My thanks to John Bolt and Jeffrey Sajdak for responding to my friendly nudge in “Reformed Intramurals: What Neo-Calvinists Get Wrong.” In addition, my gratitude to Nicholas Wolterstorff for his gracious reply in the February issue of Perspectives.
Perhaps I should not be surprised, but I am a little disappointed, that the response to my nudge, at least Bolt’s reply, was more political than theological. Bolt heard me to say that my “real and deep disaffection is not so much with North American neo-Calvinism as it is with the Religious Right and the appropriation of Abraham Kuyper by contemporary evangelicals.” While I am no supporter of the Religious Right, honestly my hope had been to coax discussions of ecclesiology, eschatology, and Christology. Instead it was my offhanded remarks about the Christian Right that drew Bolt’s attention.
I appreciate Bolt’s desire for “a thoughtful discussion about marriage, family and poverty, immigration, crucial life issues, war, and peace.” I encourage Perspectives readers to accept his invitation. I like talking politics as much as the next person, but generally believe that if we Christians are not overtly theological in that discussion, we don’t have much of interest or import to add. In other words, discussions of ecclesiology, eschatology, and Christology are not genteel amusement for a rainy afternoon, but will have much to say about our understandings of poverty, sexuality, war, and peace.
I had hoped to be heard saying that the church has its own unique and intrinsic value, while neo-Calvinists are prone to an “instrumentalist ecclesiology” where the church becomes an “interest group” in liberal democracies or a place to fuel individuals to “go out to change the real world.”
I had hoped to be heard saying that it is more vital for Christians to be eagerly watching for minute and surprising signs of the Kingdom of God among us (Jesus was so intent on training us in this skill, continually asking: “To what shall I compare the Kingdom…”) than it is for us to be sifting the past for ruins and relics of common grace.

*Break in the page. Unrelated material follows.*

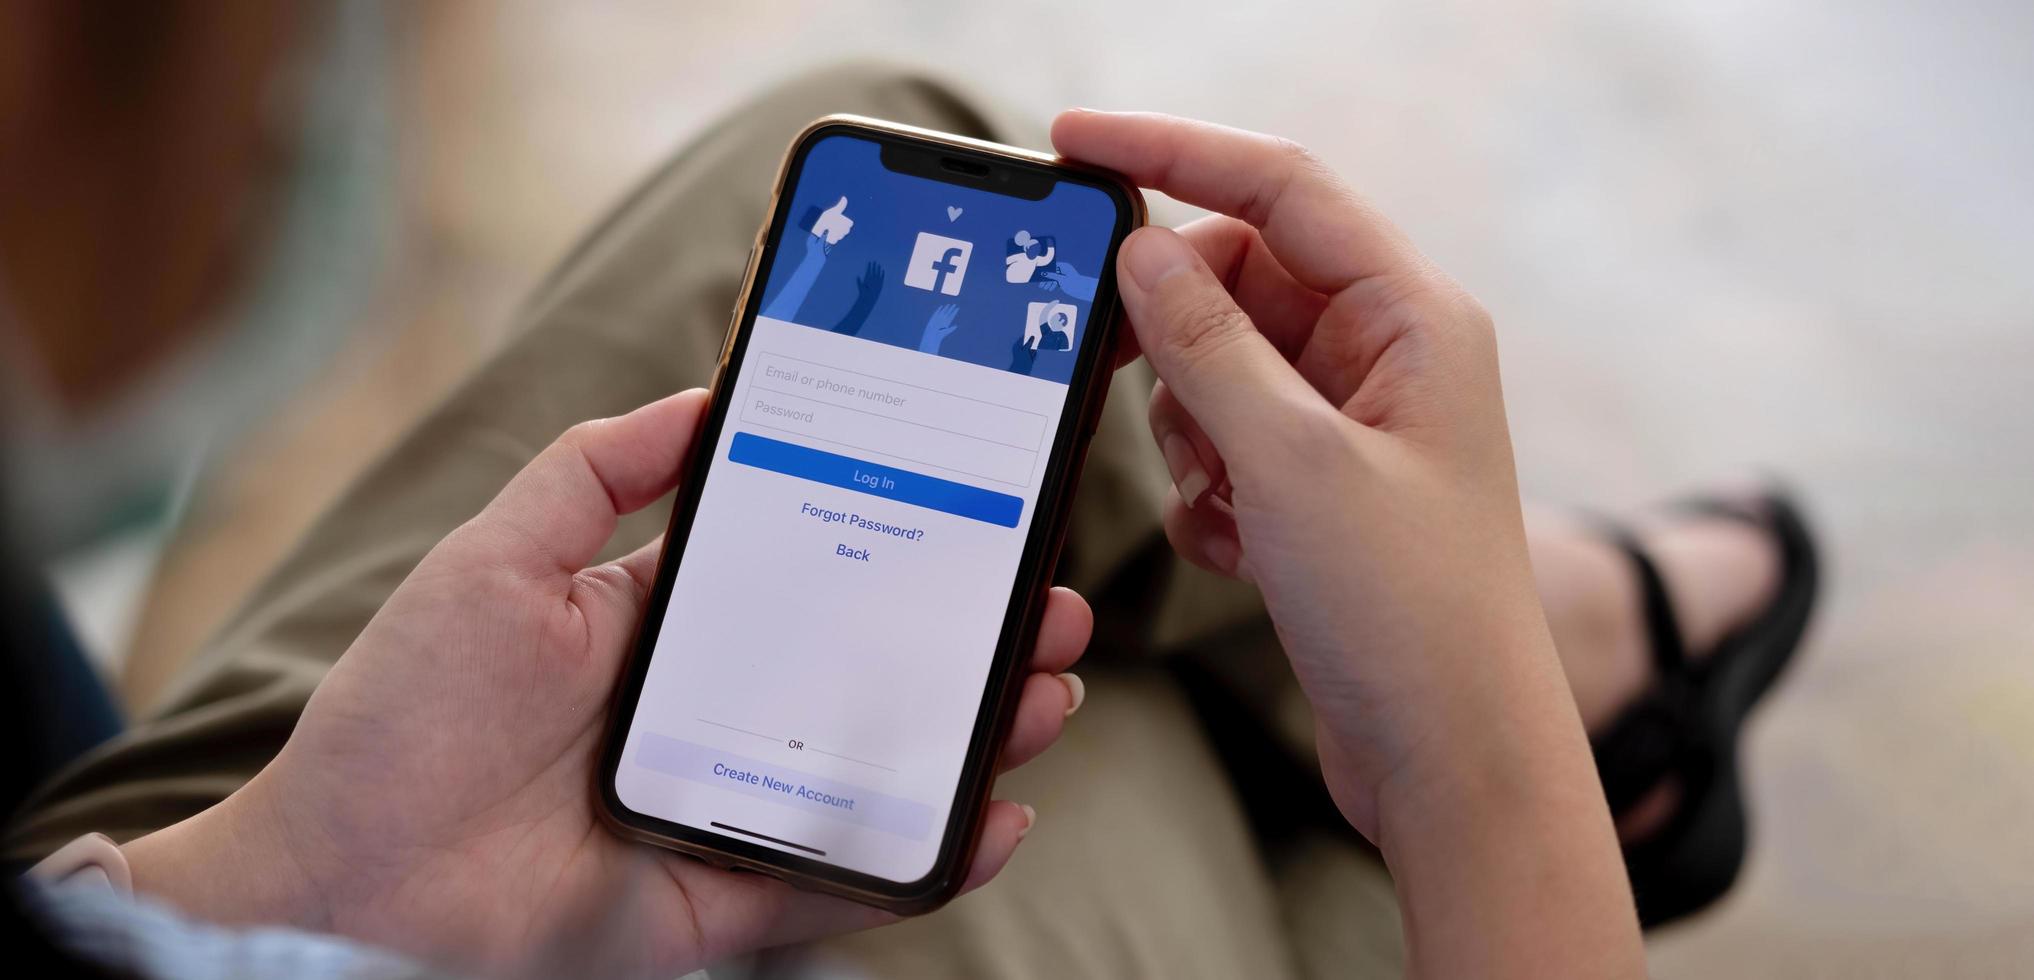 femme tenant un iphone x avec le service internet social facebook sur l'écran. photo

I had hoped to be heard saying that Jesus Christ is the keystone, the starting point for Christian theology and should not be circumscribed by creation. Nicholas Wolterstorff alluded to Barth’s aphorism on the Christ-creation nexus–that covenant is the internal basis of creation and creation is the external basis of covenant. I couldn’t agree more and would have quoted Barth myself, had I not feared revealing my true colors too easily. My story of the theatre (drawing upon Calvin’s use of the “theatre of God’s glory” as a metaphor for creation) and “the fixer” was inspired by Barth’s statement.

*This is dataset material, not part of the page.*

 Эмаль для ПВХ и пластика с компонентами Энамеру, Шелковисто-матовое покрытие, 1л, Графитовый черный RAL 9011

I thank my colleague Jeffrey Sajdak for his adding a fourth act to my story, the consummation in Christ. I, of course, affirm that Jesus Christ “is seated at the right hand of the Father and will come again in glory to judge the living and the dead.” I am, however, a little slower to jump to consummation than Sajdak is because I am concerned that to do so causes us to image Christ too much as the pantocrator, the dour judge pulling strings and pushing levers in the heavens. No doubt majestic images are a part of our picture of Christ, but my aim is to look longer and harder at the dusty peasant, the homeless carpenter, the executed itinerant. To me, the fact that after more than 2,000 years we Christians still claim that this lowly figure is the image of the invisible God, the consummate artist for whom the entire theatre was made–well, I find this startling, thrilling, and nothing short of miraculous.